Thursday, November 27, 2014

The Rottweiler (part 1)

                   The Rottweiler  (part 1)

                      (Brody and Murphy)

 Fast Facts

Country of Origin:Germany
AKC Group:Working Group
UKC Group:Guardian
Use today:Guardian, companion, cattle drover
Life Span:9 to 11 years
Color:Black with tan or rust-colored markings.
Coat:Short, straight, coarse and dense.
Grooming:Groom as needed.
Size:Medium Dog Breed
Height:22 to 27 inches at the shoulder
Weight:Proportionate to height   

Dating back to the Roman Empire and considered one of the oldest herding breeds, early Rottweilers guarded and protected the cattle of the moving armies. Descended from powerful mastiff-type dogs, they were a strong and trustworthy companion. In the middle ages, they became known as the butcher's dog of Rottweil, traveling with butchers to protect their cattle and moneybags. With the invention of better roads and the invention of mechanized transportation, the courageous dogs were no longer needed and the breed nearly disappeared. During the World Wars, Rottweilers proved themselves multi-faceted working dogs, serving as a police, guard, and messenger-dogs.
Rottweilers today thrive on working, protecting, and keeping active—often all at the same time. Extremely loyal, a Rottie must be socialized and trained early, to keep his protective drive in check (keeping burglars out is great, but you may want him to let your new friends come in!)
Strong and athletic, a Rottweiler needs vigorous workouts, not a mere walk around the block. Along with exercise, a Rottie needs daily interaction with the family. A properly-trained Rottweiler will adore and protect his own children, but his sheer size may be an issue with very young children.

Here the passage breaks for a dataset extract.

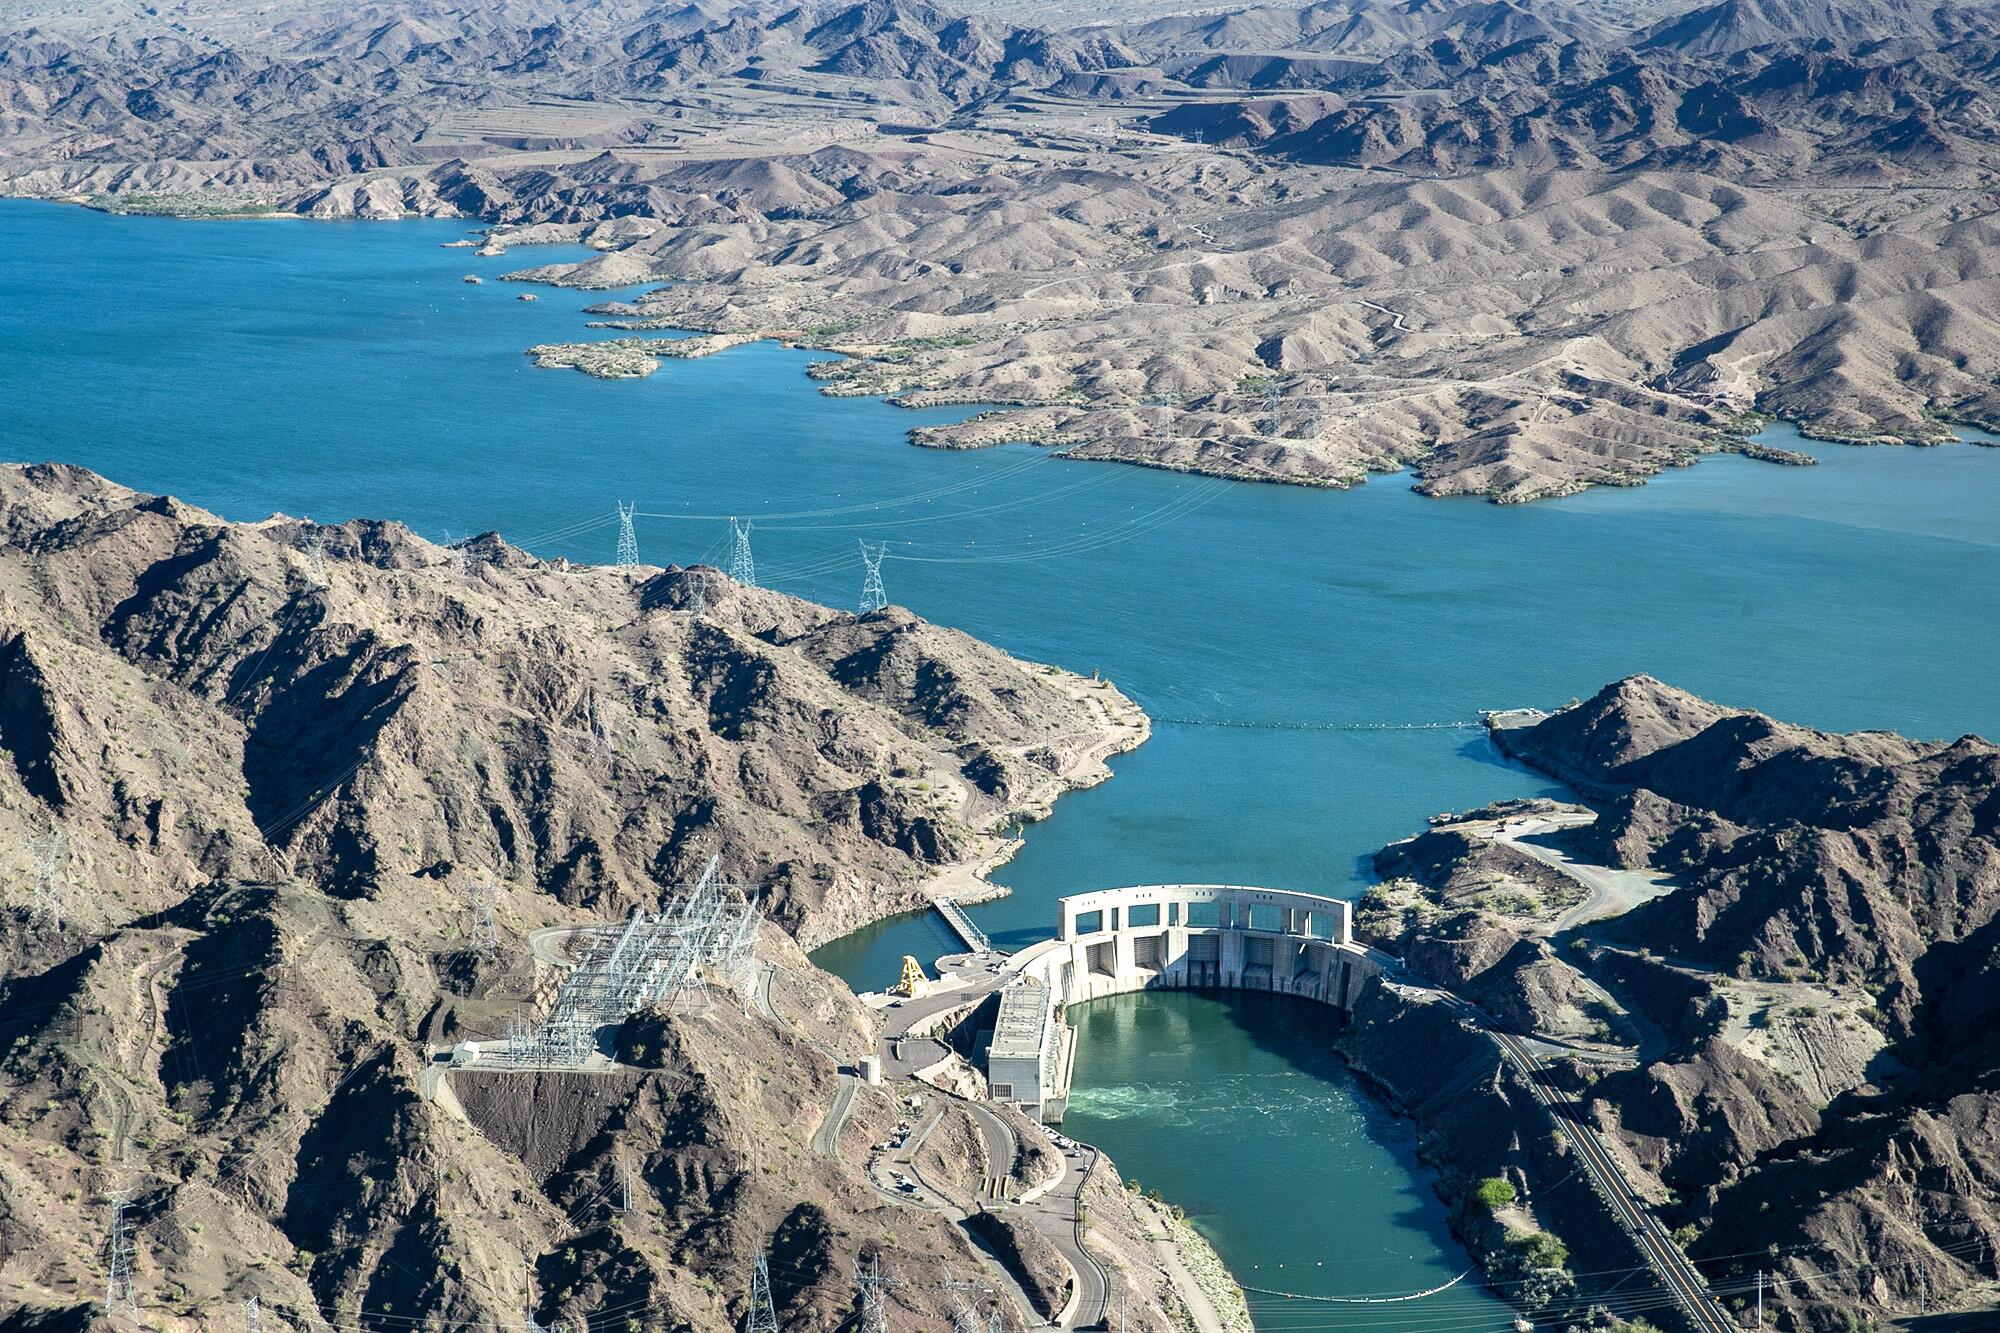 Parker Dam spans the Colorado River between Arizona and California, creating Lake Havasu.
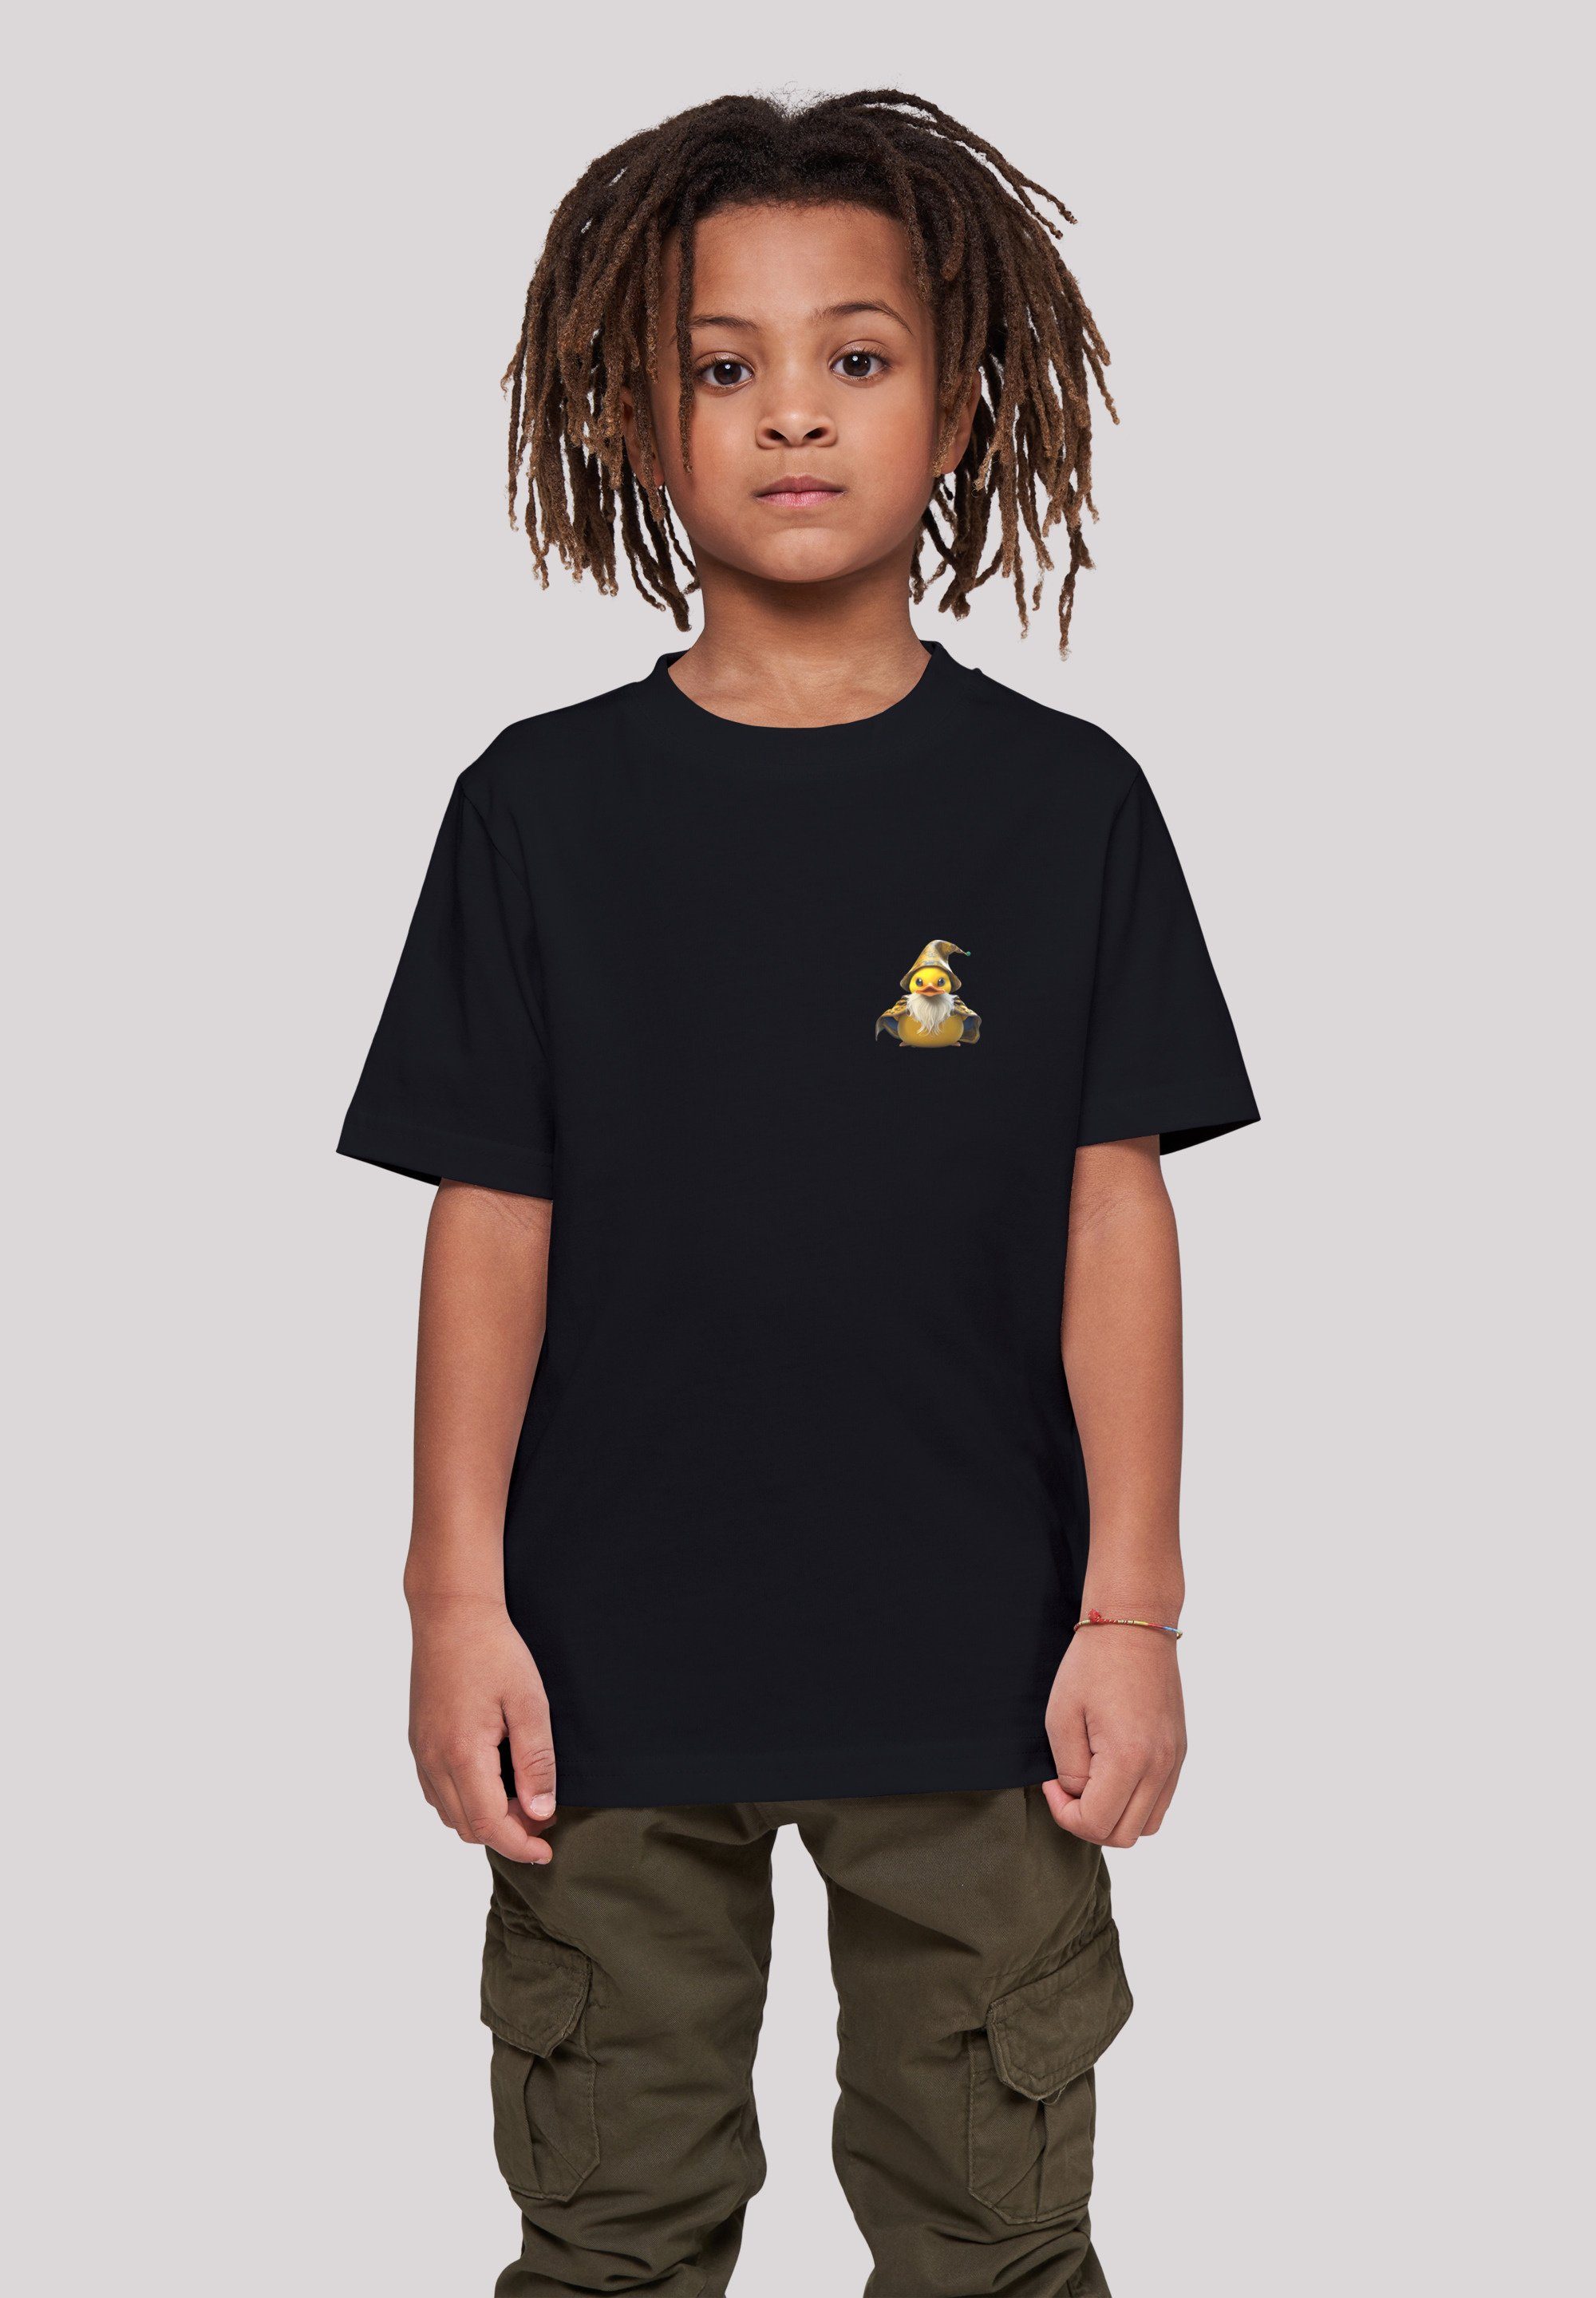 F4NT4STIC T-Shirt Rubber Duck Wizard TEE UNISEX Print schwarz

While Rottweilers are typically good with animals in their family, they should be closely supervised with others. After all, a wary Rottie may resist following the “everyone’s my new best friend” philosophy at his local dog park.


The Rottweiler
A+ Guard dog
Self-confident Are you and the Rottweiler a Match?
Terrific for a person who:

    Understands the responsibility of owning a loyal guard dog.
    Knows how to keep an athletic breed fit and happy.
    Enjoys the challenges of advanced obedience training.
Think twice if you’re a person who:
Allows even the family gerbil to boss him around.
Expects the dog to cheerfully greet new people and animals.
Figures a dog can teach himself everything he needs to know.
Care and Maintenance of a Rottweiler:
The Rottweiler needs brushing a few times a week. Their short glossy coats can be wiped down as needed.
The Standard Look:
Males measure from 24 to 27 inches at the shoulder; females 2 inches less. The Rottweiler is a powerful dog and they should appear strong and fit. The harsh smooth-coat is black, with rich tan markings.